A lot of readers appreciated the recent Netflix column on strategies for finding content on the site. But they still had questions and comments and wrote in with their own suggestions about what to watch. Keep it coming.
Q: I've been following your articles about cord-cutting, as I'm getting close to doing that myself.
You mentioned the "instant queue" in your Netflix article --which sounded GREAT to me, because I HATE the Netflix interface. However, you set me up, Barry. There is no instant queue in Canada!
Once again, the Canadian version of Netflix is a poor stepchild to the U.S. version.
Keith MacKechnie, via email
The instant queue is the ability through Netflix to create and save a list of titles for later viewing. Keith pointed out he could not enable the queue on his Xbox 360, Windows PC, or iPad mini.
He also could not find it on a Roku he set up for a friend. I also don't have it on my Xbox, but do have it on Windows 8, the PlayStation 3, the most recent version of Android and Windows Phone. I've read of similar confusion online for other users, but I couldn't tell you why the queue works for some and not for others. You might have to write down what you want to watch the old fashioned way.

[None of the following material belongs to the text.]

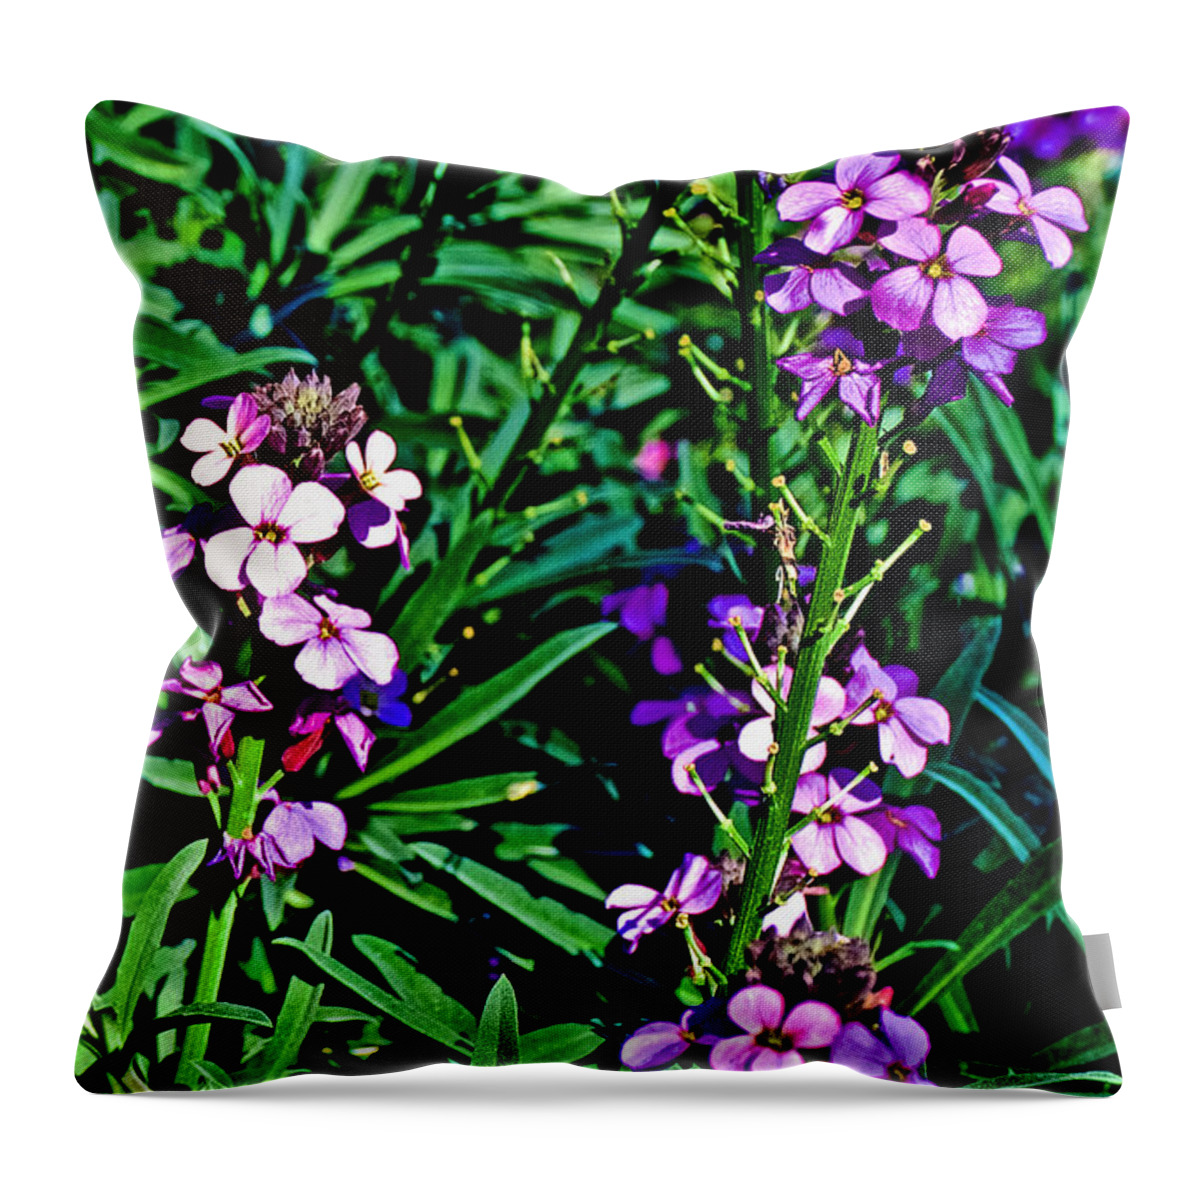 Verbena At Pilgrim Place In Claremont Throw Pillow featuring the photograph Verbena at Pilgrim Place in Claremont-California  by Ruth Hager

Q: I am curious how a streaming video system would work on my laptop equipped with wifi. There are some issues with delayed sound on some movies, so I tried it directly on my wired computer. No problem there. I have a 15Mbs connection with Telus but I was notified that the download limit will be 150 GB per month, starting this month.
I have watched two movies so far which I recommend: 1) Water for Elephants; 2) Mission Impossible: Ghost Patrol - both very watchable movies.
Mike Stichnoth, via email
Your letter nicely raises a couple of issues to be aware of. First, a direct wired connection always works better than a wireless signal, especially for video streaming services like Netflix. A direct connection is faster and more reliable compared to wireless, which is subject to interference from all the other radio signals, including microwaves, cordless phones and baby monitors, that are a part of modern life. If you live in an apartment building, the wifi signals of your neighbours could also affect yours.
Second, video streaming is one of the most data intensive activities you can do online. Netflix estimates one hour of its "best quality" streaming eats up one GB of data per hour and more than twice that for its top high definition stream. Watching a two-hour movie can eat up two to five GB of data, so you should be mindful of how much you watch, especially with multiple family members who might be heavy screentime users. Fortunately, Netflix allows you to set the quality of streaming to limit data usage, and Telus can tell you how much you've used.
Q: I have had Netflix for over a year, and have been frustrated by not knowing what is good to watch, and I wonder how many more of your readers have the same problem. Your suggestions were of interest, and I will now be watching What's new on Netflix Canada regularly.
Good ones (oldies) that I can recommend are: True Grit, Crazy Heart, A Serious Man, Mona Lisa Smile, Winter's Bone, Notebook, Fargo, Sleeping with the Enemy, Top Gear, and Original Sin.
Gary Grais, via email
Those are excellent suggestions and I have one to add to close this column: House of Cards. An original TV series commissioned by Netflix and available nowhere else, it's a highly enjoyable tale of revenge, power and sin among the political elite in Washington D.C. It's the most popular title on Netflix right now.
Bary Link is the editor of the Vancouver Courier.